Dando profundos suspiros, contestó Aquiles, el de los pies ligeros:
—Lo sabes. ¿A qué referirte lo que ya conoces?(38) Fuimos a Tebas, la sagrada ciudad de Eetión; la saqueamos, y el botín que trajimos se lo distribuyeron equitativamente los aqueos, separando para el atrida a Criseida, la de hermosas mejillas. Luego, Crises, sacerdote del flechador Apolo, queriendo redimir a su hija, se presentó en las veleras naves aqueas con inmenso rescate y las ínfulas del flechador Apolo, que pendían del áureo cetro, en la mano; y suplicó a todos los aqueos, y particularmente a los dos atridas, caudillos de pueblos. Todos los aqueos aprobaron a voces que se respetase al sacerdote y se admitiera el espléndido rescate; mas el atrida Agamenón, a quien no plugo el acuerdo, le mandó enhoramala con amenazador lenguaje. El anciano se fue irritado; y Apolo, accediendo a sus ruegos, pues le era muy querido, tiró a los argivos funesta saeta: morían los hombres unos en pos de otros, y las flechas del dios volaban por todas partes en el vasto campamento de los aqueos. Un sabio adivino nos explicó el vaticinio del Flechador, y yo fui el primero en aconsejar que se aplacara al dios. El atrida encendióse en ira y, levantándose, me dirigió una amenaza que ya se ha cumplido. A aquélla, los aqueos de ojos vivos la conducen a Crisa en velera nave con presentes para el dios, y a la hija de Briseo que los aqueos me dieron, unos heraldos se la han llevado ahora mismo de mi tienda. Tú, si puedes, socorre a tu buen hijo; ve al Olimpo y ruega a Zeus, si alguna vez llevaste consuelo a su corazón con palabras o con obras. Muchas veces hallándonos en el palacio de mi padre, oí que te gloriabas de haber evitado, tú sola entre los inmortales, una afrentosa desgracia al Cronión, que amontona las sombrías nubes, cuando quisieron atarle otros dioses olímpicos, Hera, Poseidón y Palas Atenea. Tú, oh, diosa, acudiste y le libraste de las ataduras, llamando al espacioso Olimpo al centímano a quien los dioses nombran Briareo(39) y todos los hombres Egeón, el cual es superior en fuerza a su mismo padre, y se sentó entonces al lado de Zeus, ufano de su gloria; temiéronle los bienaventurados dioses y desistieron de su propósito. Recuérdaselo, siéntate junto a él y abraza sus rodillas: quizá decida favorecer a los teucros y acorralar a los aqueos, que serán muertos entre las popas, cerca del mar, para que todos disfruten de su rey y comprenda el poderoso Agamenón atrida la falta que ha cometido no honrando al mejor de los aqueos.

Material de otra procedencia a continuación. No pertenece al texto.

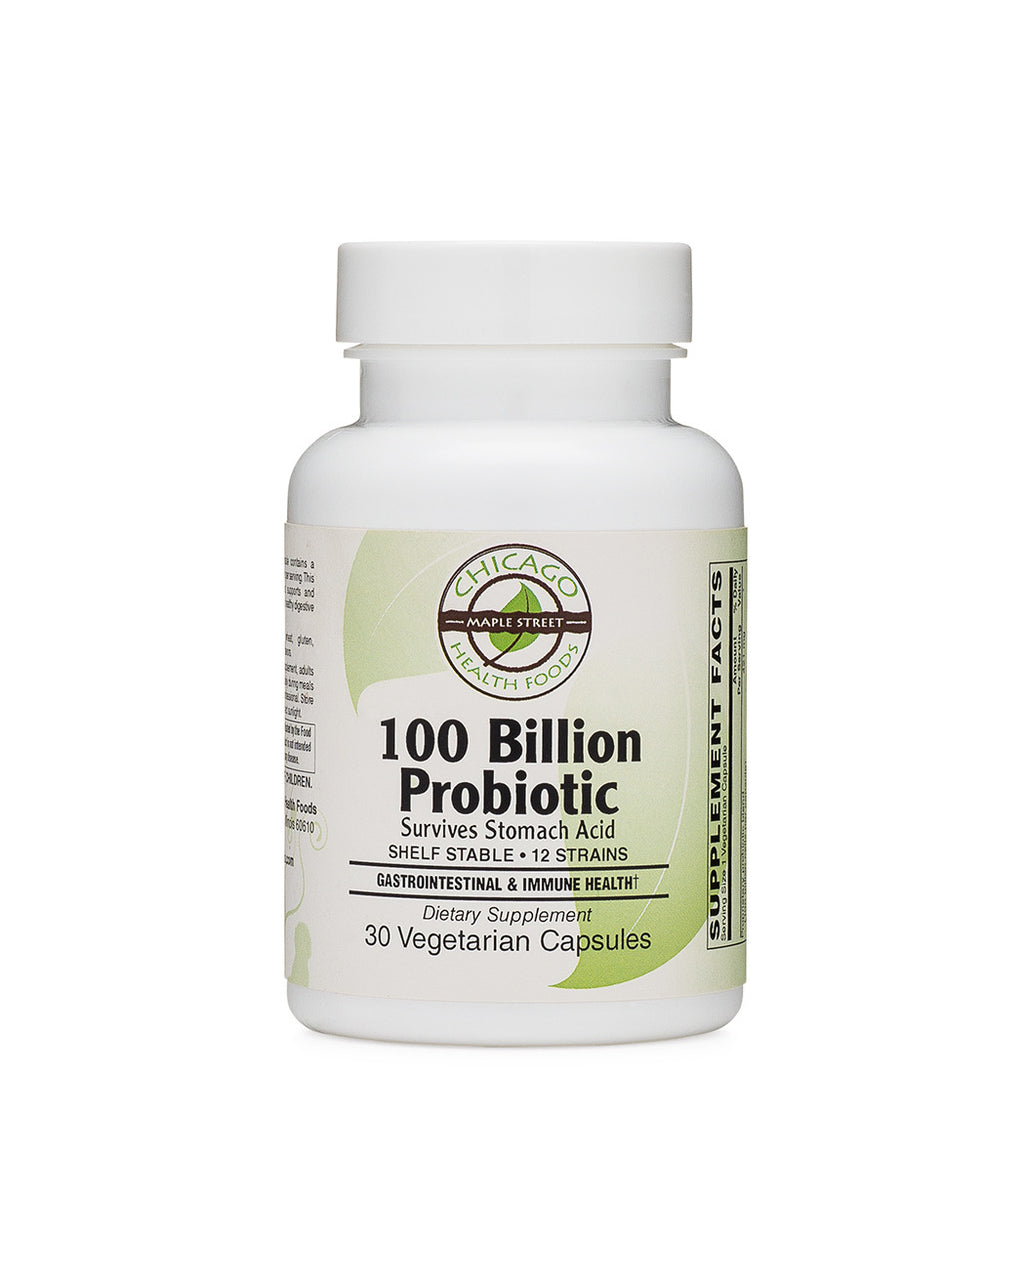 100 Billion Probiotic supplement Chicago Health

Respondióle Tetis, derramando lágrimas:

— ¡Ay, hijo mío! ¿Por qué te he criado, si en hora aciaga te di a luz? ¡Ojalá estuvieras en las naves sin llanto ni pena, ya que tu vida ha de ser corta(40), de no larga duración! Ahora eres juntamente de breve vida y el más infortunado de todos. Con hado funesto te parí en el palacio. Yo misma iré al nevado Olimpo y hablaré a Zeus, que se complace en lanzar rayos, por si se deja convencer. Tú quédate en las naves de ligero andar, conserva la cólera contra los aqueos y abstente por completo de combatir.
Ayer fuese Zeus al Océano, al país de los probos etíopes, para asistir a un banquete, y todos los dioses le siguieron(41). De aquí a doce días volverá al Olimpo. Entonces acudiré a la morada de Zeus, sustentada en bronce; le abrazaré las rodillas, y espero que lograré persuadirle.

Dichas estas palabras partió, dejando a Aquiles con el corazón irritado a causa de la mujer de bella cintura que violentamente y contra su voluntad le habían arrebatado.